## Data provided
****************************************
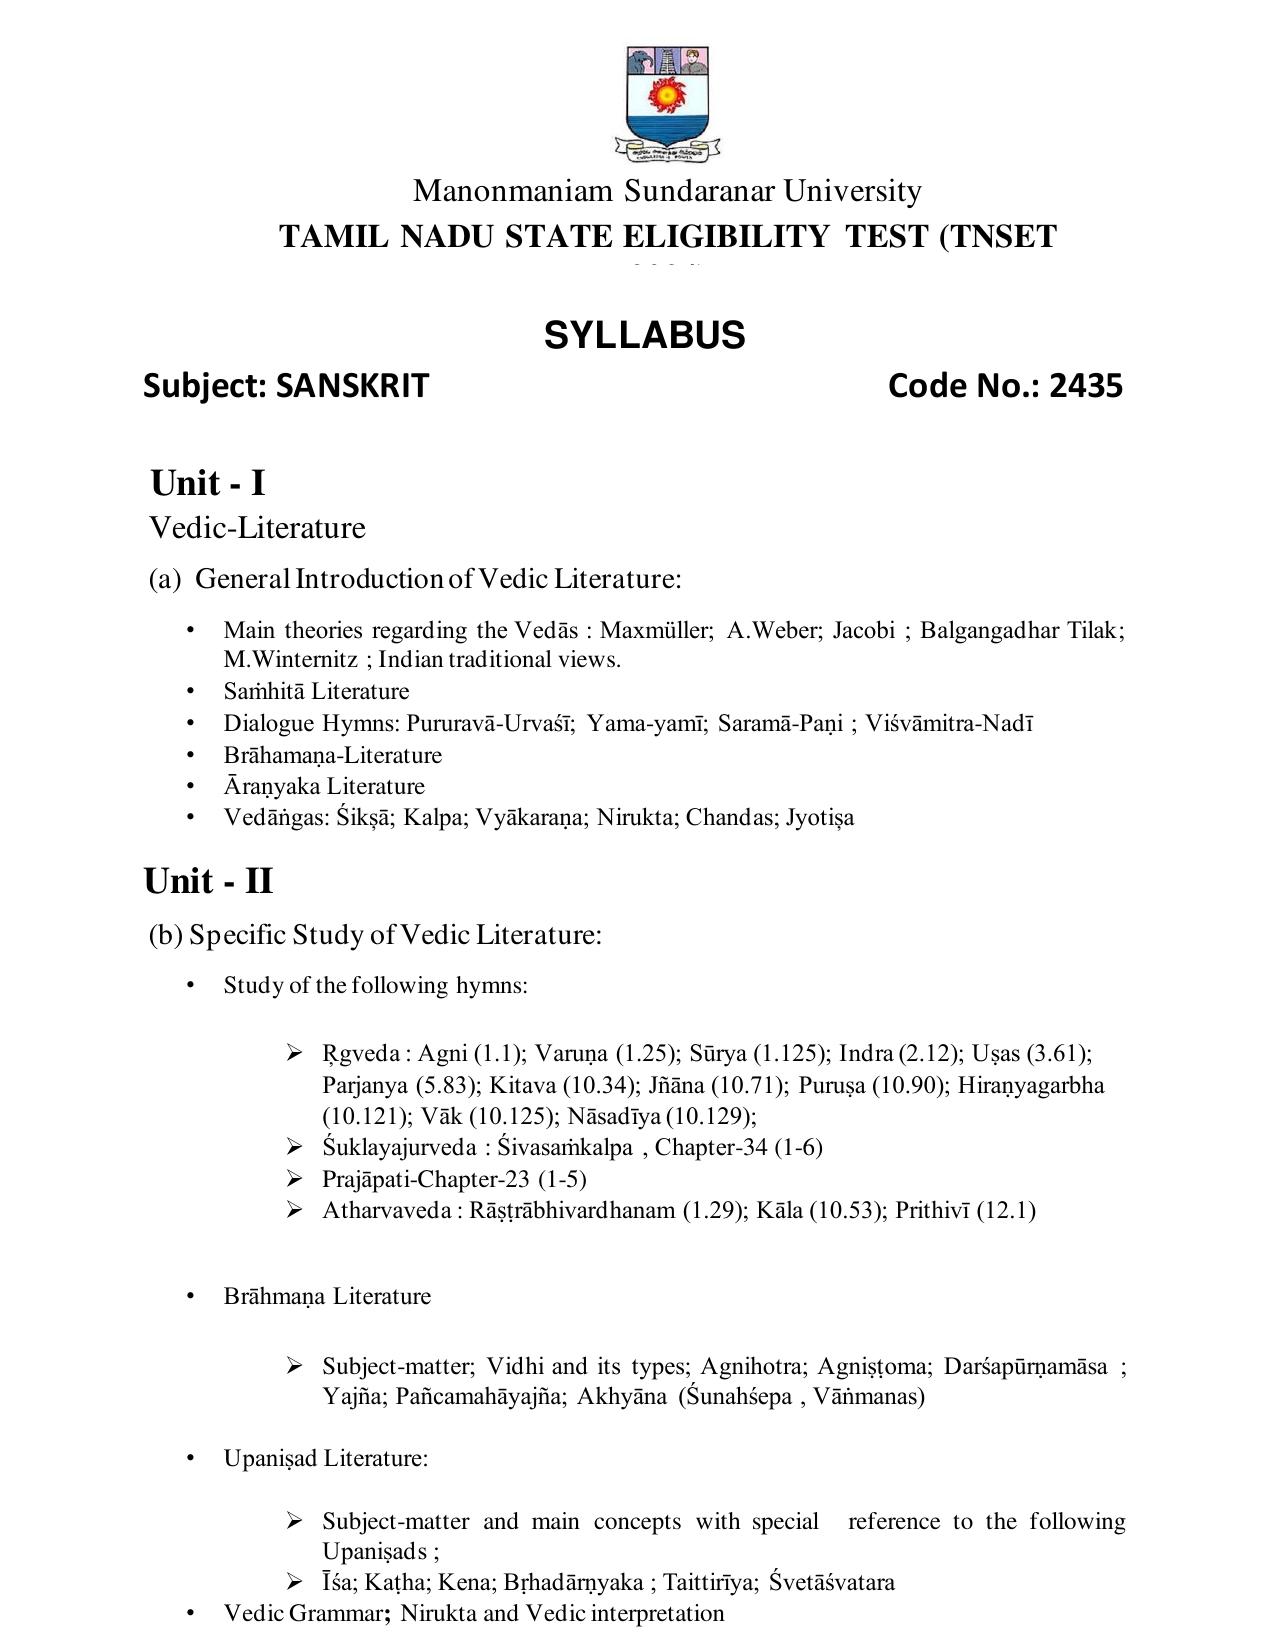 TNSET Syllabus - Sanskrit - Page 1
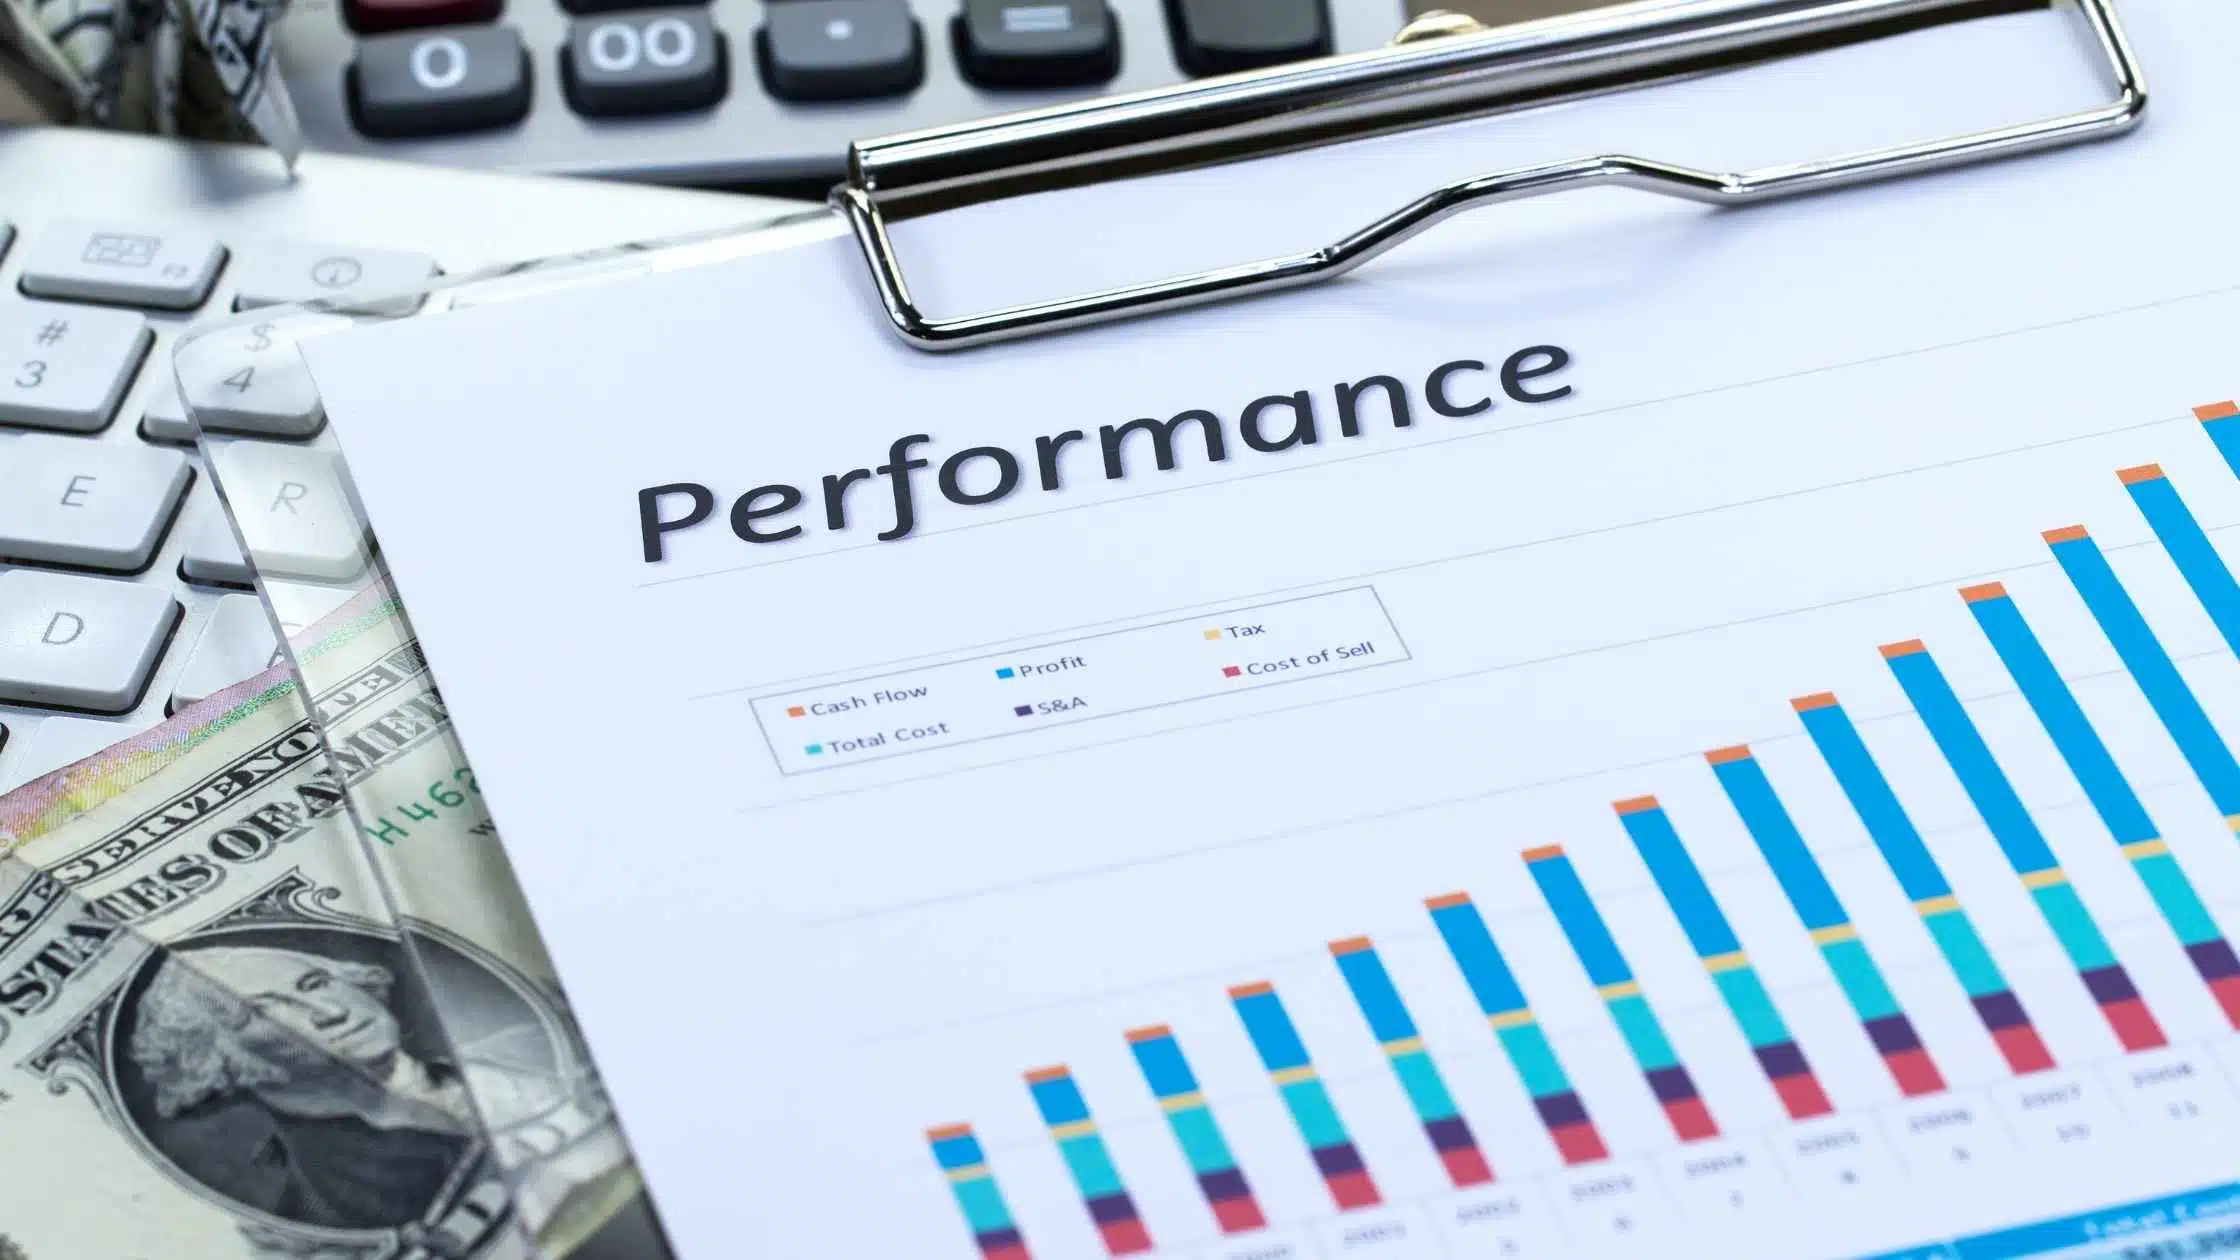  Key performance indicator merupakan sebuah pengukuran yang menilai bagaimana sebuah organisasi mengeksekusi visi strategisnya.
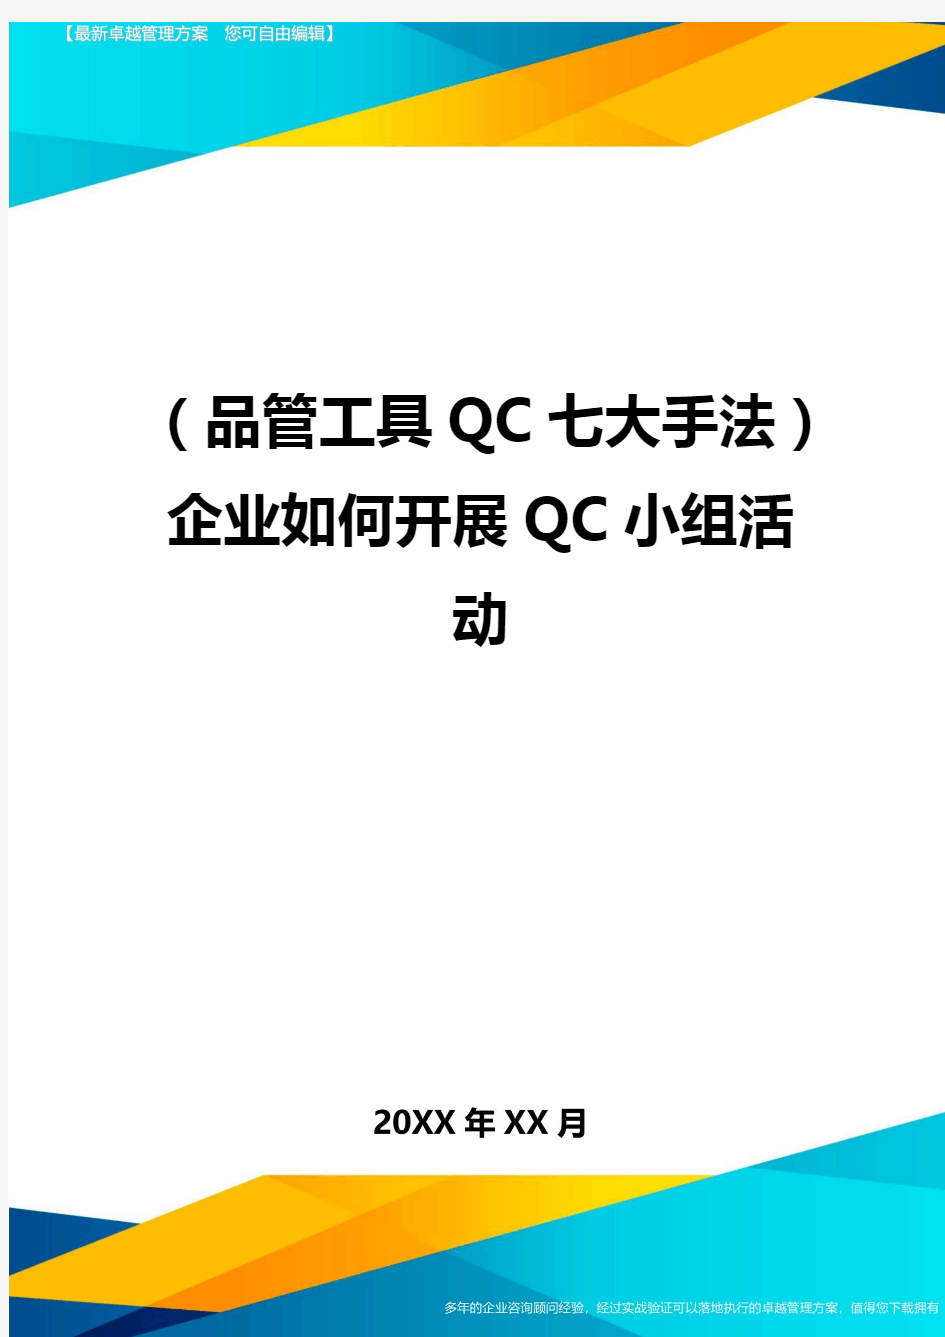 (品管工具QC七大手法)企业如何开展QC小组活动
****************************************
## Activity
Write the listing out exactly, word for word, but omit the pictures.

## Response to this exercise
 TNSET Syllabus - Sanskrit - Page 1
  Key performance indicator merupakan sebuah pengukuran yang menilai bagaimana sebuah organisasi mengeksekusi visi strategisnya.
 (品管工具QC七大手法)企业如何开展QC小组活动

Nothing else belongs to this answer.